Close your eyes. Imagine a scientist.

Lab coats, beakers of colorful potions, and an obsessive tendency to use big words.

Spectacles, wild hair, a potential for explosions.

I’m a scientist. I’ve only used a lab coat a handful of times and my use of big words has more to do with my English major than my career. Picture wide-brimmed hats, uneven tan lines, and a dented set of binoculars. The standard uniform of a certain type of scientist: the field ecologist.

Let me tell you a little bit about us…

ecologist with binoculars

1. We’re Hoarders

Walk into any ecology lab and you’ll find samples as old as the lab itself. This past summer I had an internship where the entire upper floor of the storage barn was stuffed with bags and bags of biomass (read: dead plants) from decades ago. Why? “In case they might be useful later.” This might sound like a flimsy excuse to never spring clean and, honestly, I was a little skeptical myself as a young intern, but there’s actually a secret wisdom to this.

One summer, I interned at the Harvard Museum of Comparative Biology’s avian collections.
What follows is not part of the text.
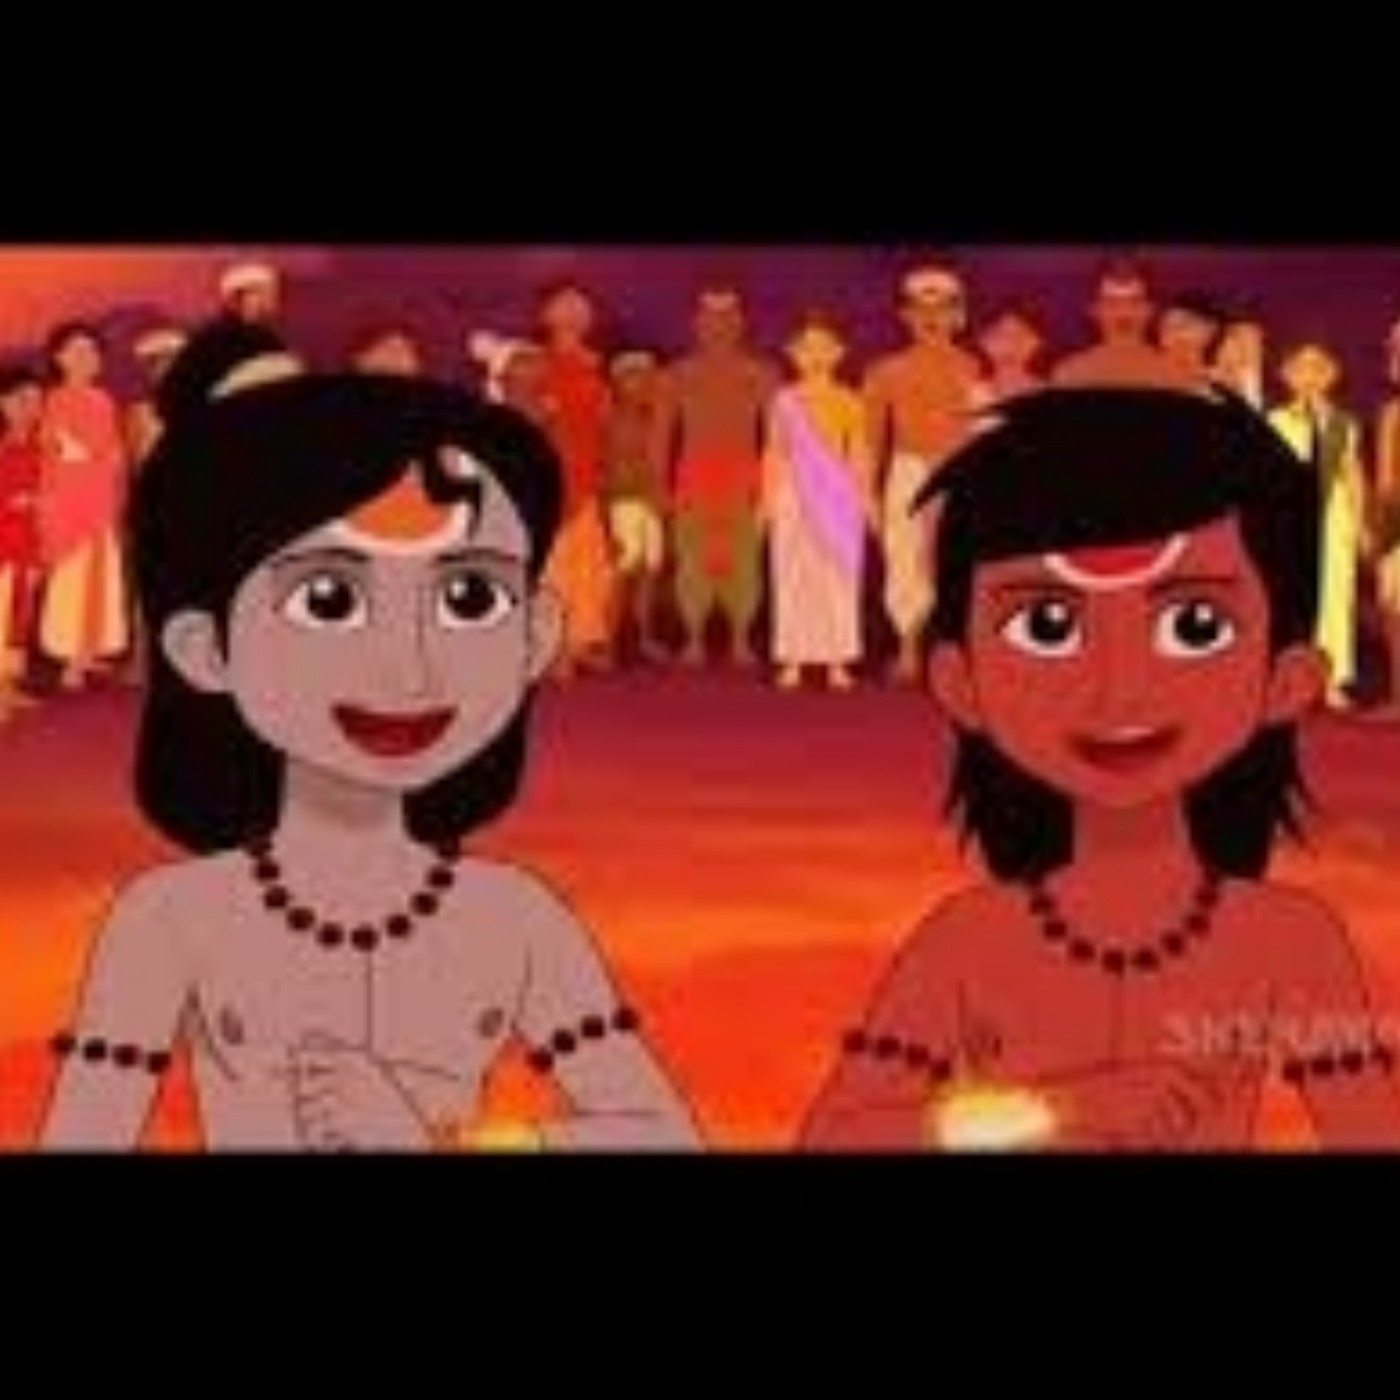 Tamil Dubbed Animation Movies Hd 720p | Podcast on SoundOn

We had specimens from the early 1700s, including golden pheasants hunted by George Washington. But not every bird had been hunted by historical figures, so why keep these specimens at all? Let me give you an example.

My project there measured soot on specimens’ feathers. Because birds shed their feathers every year, the amount of soot on their feathers could be used as a proxy for the amount of atmospheric black carbon for the year that specimen was collected. Thus, we were able to track atmospheric black carbon across the years, beginning from before the Industrial Revolution to modern time. We did this with a spectrometer (an instrument that measures wavelength and frequency of light), technology that has been significantly developed since the 1800s. The original collectors had no idea the specimens would be useful in this way.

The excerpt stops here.